Cyrus knew she was talking about the hero and villain of a Wagner opera, but only because of a joke in an old episode of The Simpsons. He nodded, and Orkideh went on:

“And look at what belief in that kind of total good versus total evil did. Hitler listening to Wagner in Nuremberg. That’s what I’m getting at, you see? The flatness of me being this hero artist, or you being this martyr NSA threat. None of that is real. You know this. I’m not Siegfried any more than you’re a dragon.”

Cyrus and Orkideh were leaning over the table to speak to each other now, voices familiar, hushed. Behind them, people in line were starting to shift around passive-aggressively. An older woman in the middle of the line sighed loudly.

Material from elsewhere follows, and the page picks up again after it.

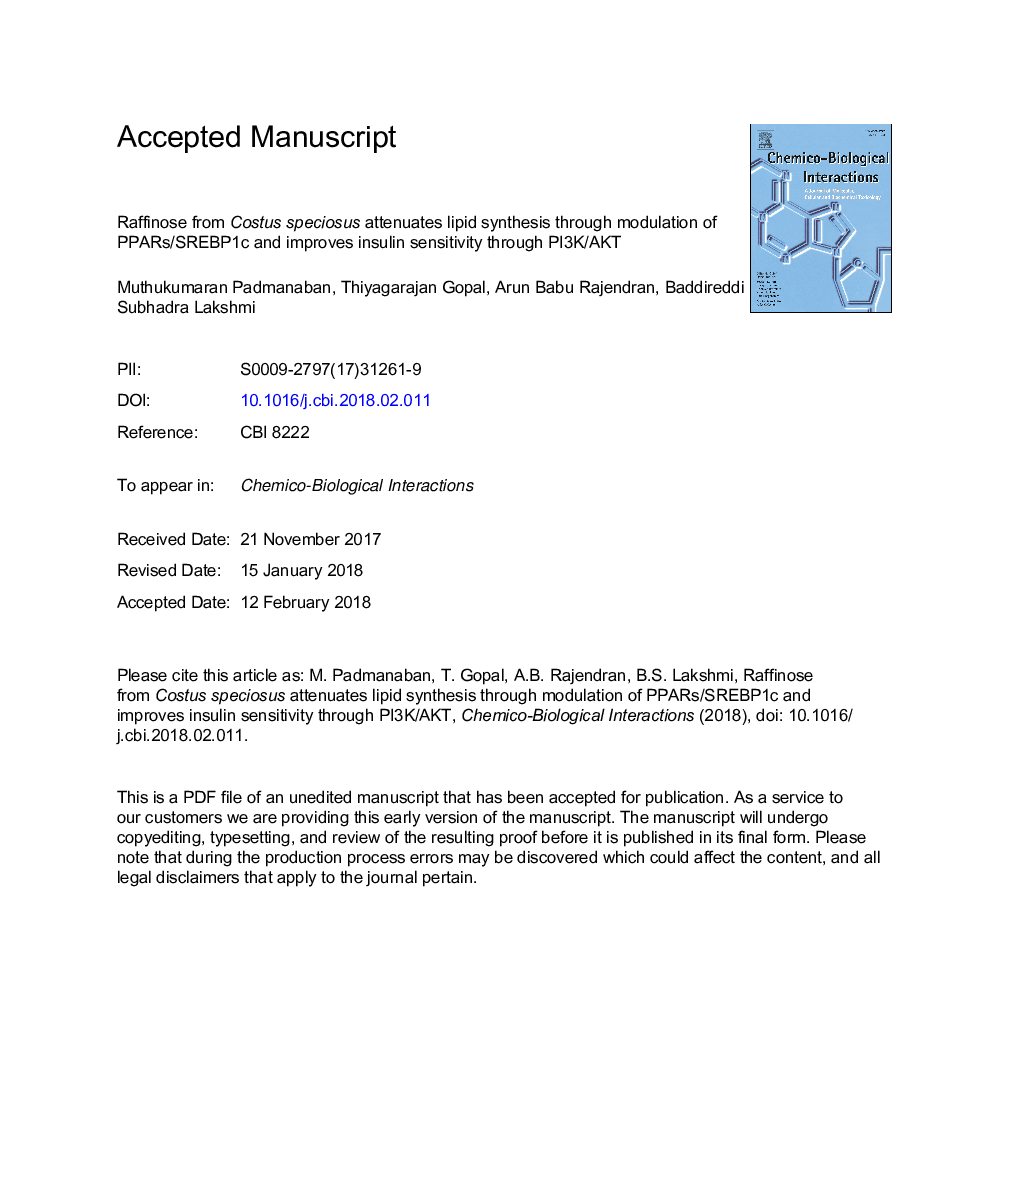 Raffinose from Costus speciosus attenuates lipid synthesis through modulation of PPARs/SREBP1c and improves insulin sensitivity through PI3K/AKT

“I get that,” said Cyrus. “I do. Maybe part of it is just wanting my tiny little life to have something of scale. For the stakes to matter.” He paused, then added, “For my having-lived to matter.”

Orkideh smiled, placed her hand on Cyrus’s. It felt cold, dry, like canvas.

“We won’t grow old together, Cyrus. But can’t you feel this mattering? Right now?”

When he hesitated, she said, “It matters to me. Know that. It matters deeply.” Then, looking up at the line, she sighed, leaned back in her chair. “You’ll come see me again tomorrow, won’t you?”

“Yeah, yes. Yes, of course, I’ll be here. Yes, thank you.” Before he knew it he was standing, walking away from the artist and her table and folding chairs, away from her dry hands and drier lips and the winding line of impatient patrons. Walking, suddenly, back outside the museum into the startling February air, Cyrus felt the artist’s conversation, her voice and mind and presence, surging like a wildfire through his mind. Safavid glass, stakes. The dimples above her eyebrows. We won’t grow old together, Cyrus. But can’t you feel this mattering? He could feel it, he realized. He wished he’d said that.